Protecting your flock

By Ivan Roberts

Keep these tips and ideas in mind when selecting a safe vehicle for church use.

The church bus. Not many things are more evocative of the role a church plays in the life of its community and its members, as the church bus shuttles them to and fro.

The S2 chassis — shown here as a finished coach — is a popular choice among church customers. (Photo courtesy of Freightliner Custom Chassis)
The S2 chassis — shown here as a finished coach — is a popular choice among church customers.
(Photo courtesy of Freightliner Custom Chassis)

When you think about it, though, this raises an important question: What message are you communicating with your selection of church transportation? After all, few things are more visible and high-profile — outside of your facility itself — than your official mode of transportation. Indeed, there might be many people in your community who know your church by its vehicle alone.

And, while the reconditioned or repainted old school bus can help provide a nice dose of levity and goodwill as it’s out and about, it’s important to ask yourself about the broader perception you’re conveying to those who see that bus and — just as important — to those who ride on it.

Does it promote an image of sophistication? Modernity? Technological understanding? Safety?

That last question is, of course, the most vital. Any time you transport parishioners or others from the community aboard your official transportation (whether it’s shuttling church members to and from Sunday services or transporting children to and from church school), the most important goal is to do it as safely as possible.

A buyer’s checklist
With that in mind, here’s a handy checklist to keep in mind when selecting the safest vehicle for your church:

Reliability. It seems simple, but reliability is a crucial factor in determining a bus’s overall safety. How dependable will this bus be? Will it start every time and run reliably, trip after trip after trip, for tens (and hundreds) of thousands of miles? If it’s reliable, after all, there’s less worry about it breaking down or encountering issues while on the road or in transit.

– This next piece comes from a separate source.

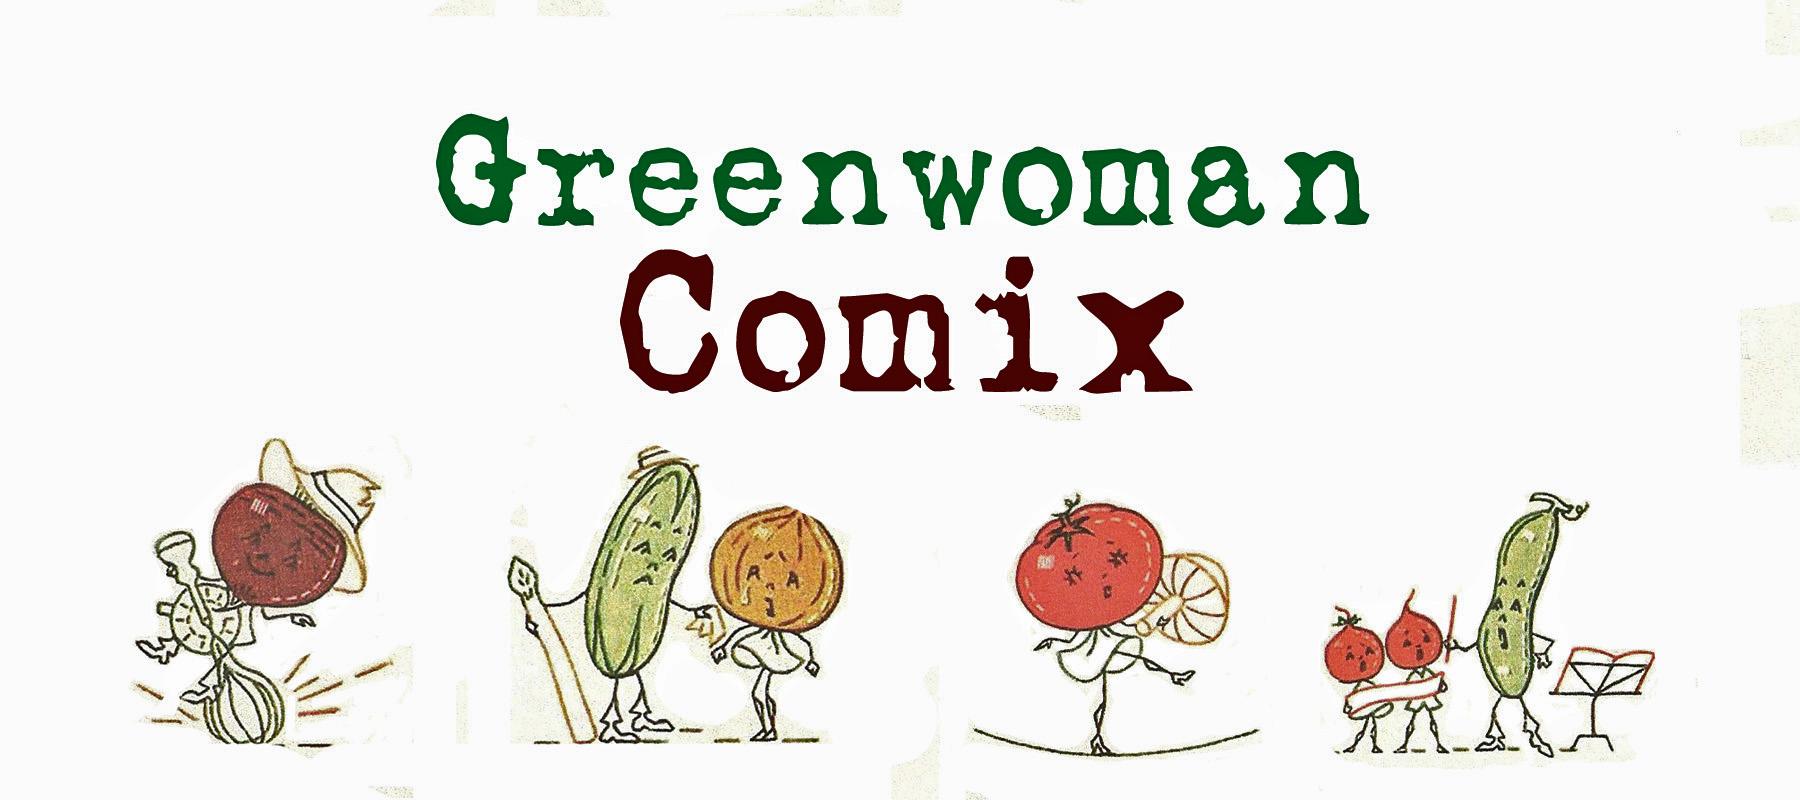 Greenwoman Comix Heading USR_edited-3

Component quality. Reliability, in turn, is driven in large part by the relative quality of the parts and components a manufacturer uses in building a vehicle. Higher-quality parts and components create a higher-quality vehicle. A higher-quality vehicle is often — but not always — more reliable, safer, and built to last longer.

Driver setup and ergonomics. Features as simple as the windshield and hood of a bus can have an outsize impact on overall safety. A more sloped hood and taller windshield, for example, can greatly increase driver visibility of the road in front of and around the bus. Additionally, the cab’s ergonomics play a role in keeping a driver focused on the road and, as a result, keeping passengers safe. A dashboard focused on optimized ergonomics — making sure common buttons, features and functions are easily located and used — keeps the driver’s hands on the wheel and eyes on the road.

Vehicle maneuverability. A more maneuverable vehicle (one with a greater turning radius, for example) offers several safety benefits. A greater turning radius means fewer points in a turn, which afford fewer opportunities to back up and / or navigate blind spots. And, a more maneuverable vehicle makes it easier for drivers to negotiate tight turns in cramped spaces, keeping vehicle and passengers safe in what could otherwise be stressful driving situations.

Of course, this checklist will bear slight differences or additions based on the specific goals for the bus you’re buying. A church seeking a bus to transport elderly members might value mobility and accessibility more than one intended to carry children, for example.

Even so, these key items listed should be at the top of every checklist to ensure you end up with the safest vehicle possible.

After all, your members — and your church as a whole — are riding on it.

Ivan Roberts is Sales Manager, Commercial Bus for Freightliner Custom Chassis. He has more than 15 years of experience in product testing, quality assurance, engineering and sales — all with the company — and has worked with a multitude of churches and religious organizations to develop and deliver custom vehicle solutions.